The find utility can not by itself distinguish between a "shell script", "JPEG image file" or any other type of regular file. These types of data may however be distinguished by the file utility, which looks at particular signatures within the files themselves to determine type of the file contents.

A common way to label the different types of data files is by their MIME type, and file is able to determine the MIME type of a file.


Using file with find to detect the MIME type of regular files, and use that to only find shell scripts:

find . -type f -exec sh -c '
    case $( file -bi "$1" ) in (*/x-shellscript*) exit 0; esac
    exit 1' sh {} \; -print

or, using bash,

find . -type f -exec bash -c '
    [[ "$( file -bi "$1" )" == */x-shellscript* ]]' bash {} \; -print

Add -name sunrise before the -exec if you wish to only detect scripts with that name.

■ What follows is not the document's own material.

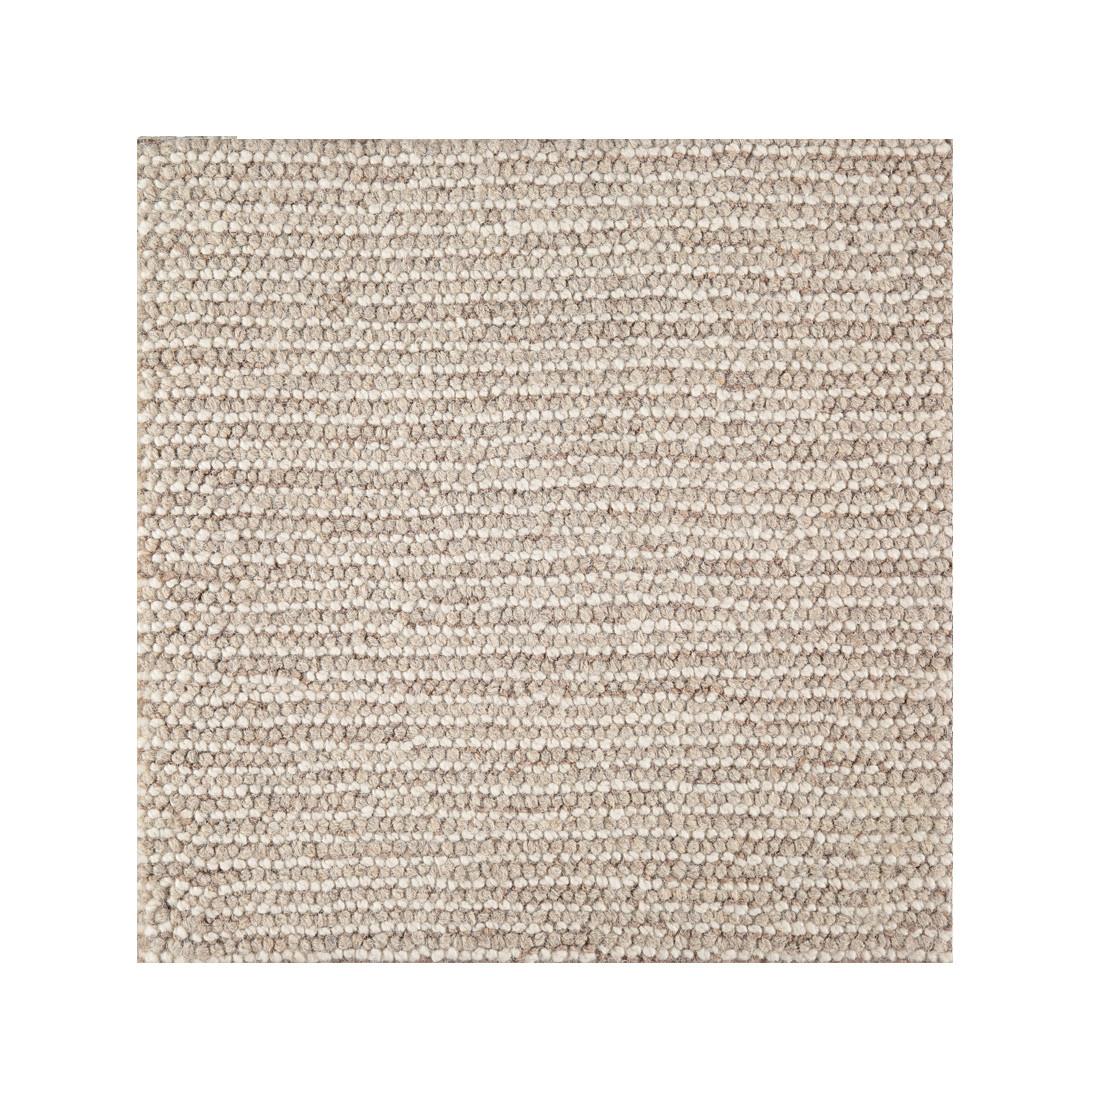 Manhattan  -  100% Wool Loop Pile Handmade -  Beige

The find command above will find all regular files in or below the current directory, and for each such file call a short in-line shell script. This script runs file -bi on the found file and exits with a zero exit status if the output of that command contains the string /x-shellscript. If the output does not contain that string, it exits with a non-zero exit status which causes find to continue immediately with the next file. If the file was found to be a shell script, the find command will proceed to output the file's pathname (the -print at the end, which could also be replaced by some other action).

The file -bi command will output the MIME type of the file. For a shell script on Linux (and most other systems), this would be something like

text/x-shellscript; charset=us-ascii

while on systems with a slightly older variant of the file utility, it may be

application/x-shellscript

The common bit is the /x-shellscript substring.

Note that on macOS, you would have to use file -bI instead of file -bi because of reasons (the -i option does something quite different). The output on macOS is otherwise similar to that of a Linux system.


Would you want to perform some custom action on each found shell script, you could do that with another -exec in place of the -print in the find commands above, but it would also be possible to do

find . -type f -exec sh -c '
    for pathname do
        case $( file -bi "$pathname" ) in
            */x-shellscript*) ;;
            *) continue
        esac

        # some code here that acts on "$pathname"

    done' sh {} +

or, with bash,

find . -type f -exec bash -c '
    for pathname do
        [[ "$( file -bi "$pathname" )" != */x-shellscript* ]] && continue

        # some code here that acts on "$pathname"

    done' bash {} +

Related:

3

You could exec file on every found file and then grep for the result you're interested in.

# When looking for ASCII Text
find . -type f -exec file {} \; | grep "ASCII"
# or for MS Word Documents
find . -type f -exec file {} \; | grep "Microsoft Word"

I suggest to make the search pattern as close as possible to your expectation to keep the number of the false positive matches low.

Beware that files with newlines in their filenames may cause issues with this approach.

1

A shorter form that doesn't involve that much shell magic:

find . -exec sh -c "file '{}' | grep -q 'pattern'" \; -print

3
  • 1
    Never embed {} in the shell code. Commented Feb 11, 2022 at 16:18
  • @KamilMaciorowski thanks a lot for the point out! my gosh; there are many things to miss in best practices n good guidelines! once again, thanks! Commented Feb 12, 2022 at 8:10
  • 1
    Yep, that is a good point. This command would fail if the name contains '. In my case, I knew that the file names are "reasonable", so I could ignore that caveat, but in general this is a problem.
    – zbyszek
    Commented Feb 13, 2022 at 11:18
1

I am not really sure if this is what one looks for, but:Like this?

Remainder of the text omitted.